The next day was THE day, the social worker was coming at 7:30 pm for "D" to sign TPR. We took Noah to the doctor at 11:30. On the way back to the hotel "D" said she would like just her and I to spend sometime together. We left Noah with Joe and my mom and she and I went to lunch. We spent hours talking, talking about everything, our childhood, our dreams our goals. The things we both wish for Noah, things I think she wanted me to know to be able to tell him when the time comes. I found it so odd she didn't want to spend the time with Noah. We almost didn't make it back to the hotel in time for the social workers to come. We did get to spend a little bit of time with him and then the came. We all visited for a little bit and then they asked us to leave. We let them use our room so "D" would have some privacy as she made a decision that was going to change her life forever. We waited for what seemed like hours in the lobby of the hotel, in reality it was more like hour to an hour and a half. Our social worker rounded the corner and our eyes met and she smiled, and I lost it.
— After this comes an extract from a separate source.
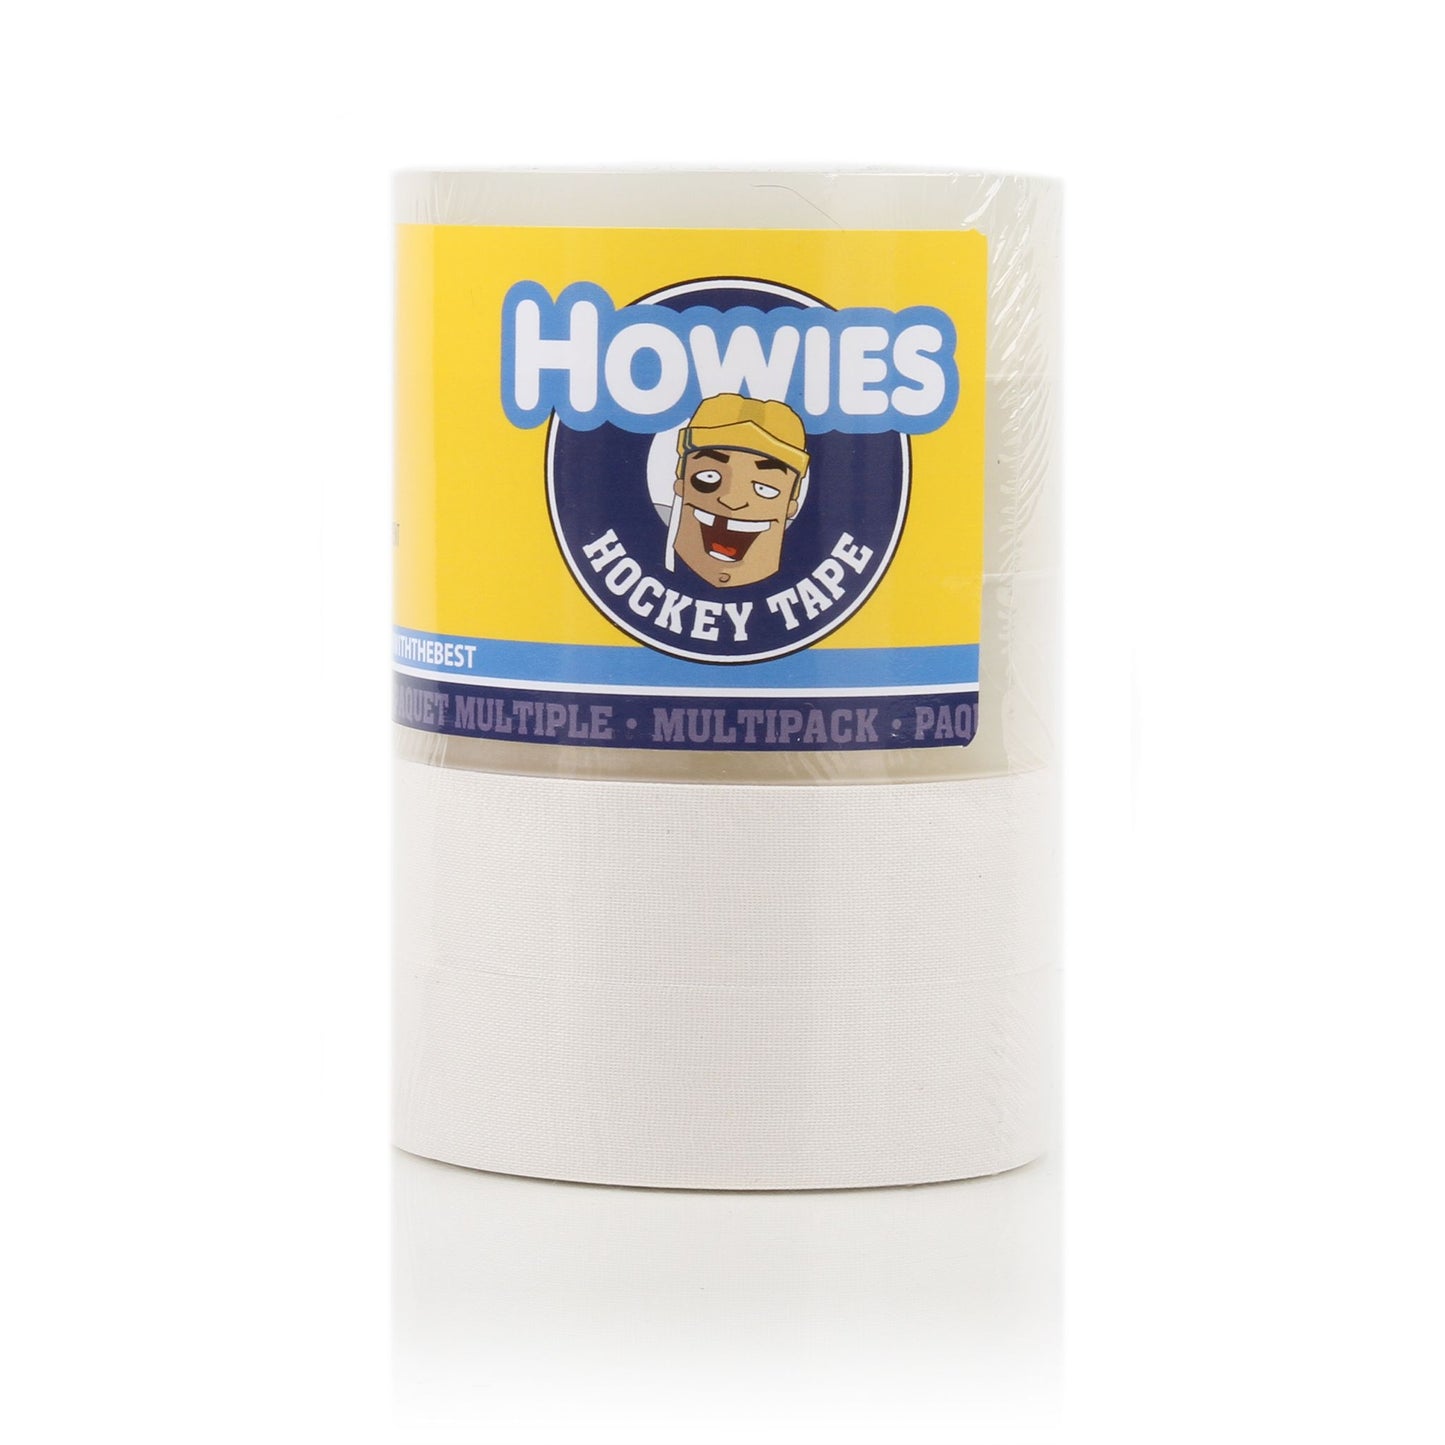 Howies Hockey Tape SET  - 2weiß 25mm + 3 Stutzentape Shin Pad 25mm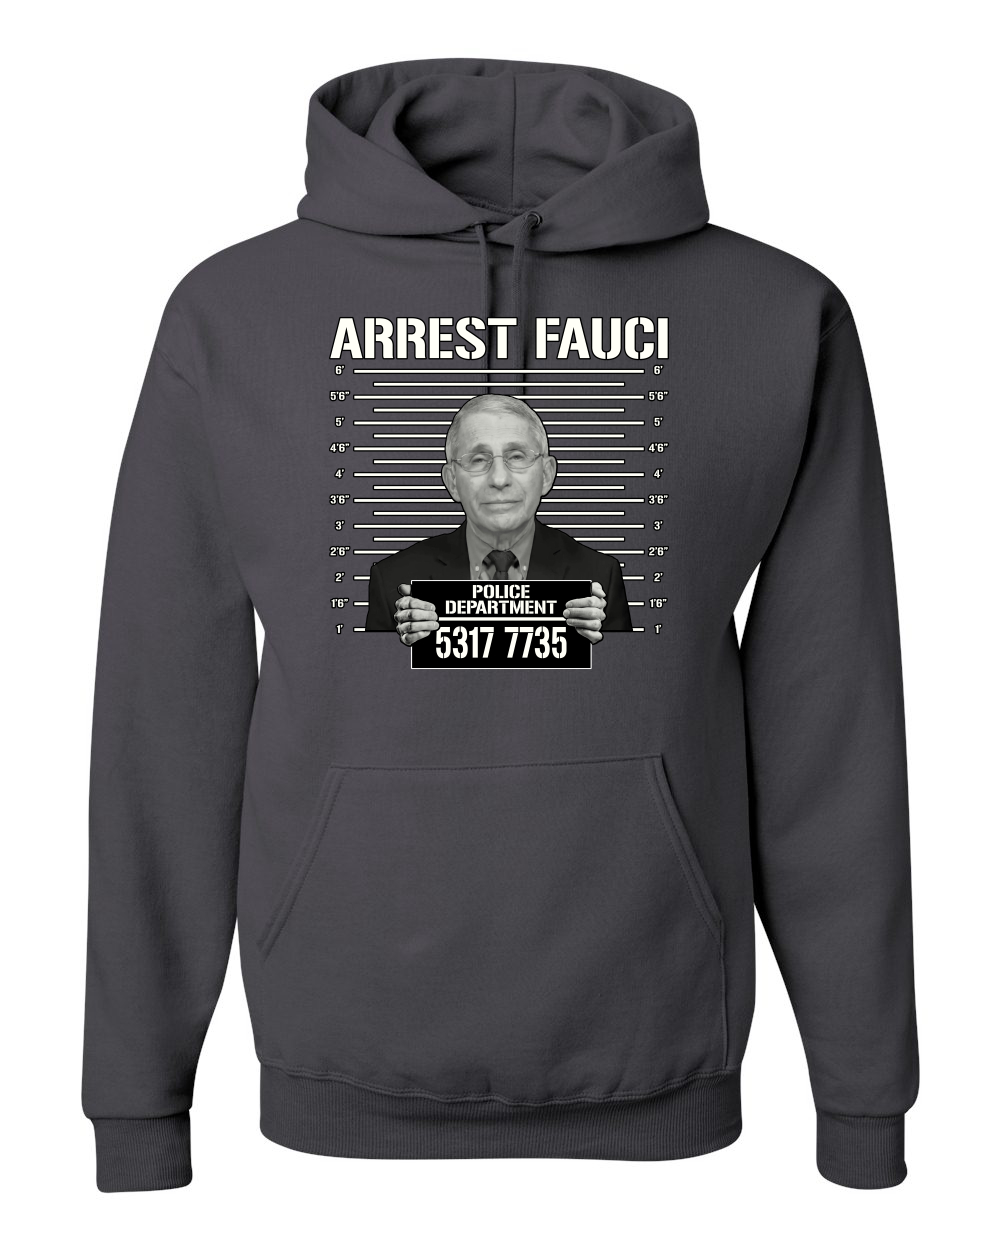 thumbnail 4  - Arrest Fauci Mugshot Political Unisex Graphic Hooded Sweatshirt

I cried to finally be holding "our" child, for the craziness of the week that I did not speak about to be done and for the pain "D" must be feeling. Noah is perfect in every way and for being such a small little boy has answered so many prayers. My mom said to me your face is going to hurt from smiling and I said never besides I cried alot of tears to be able to smile like this.
This is where I feel things with this part of the story ends. Some of the things that happened since then I want to keep just for Noah.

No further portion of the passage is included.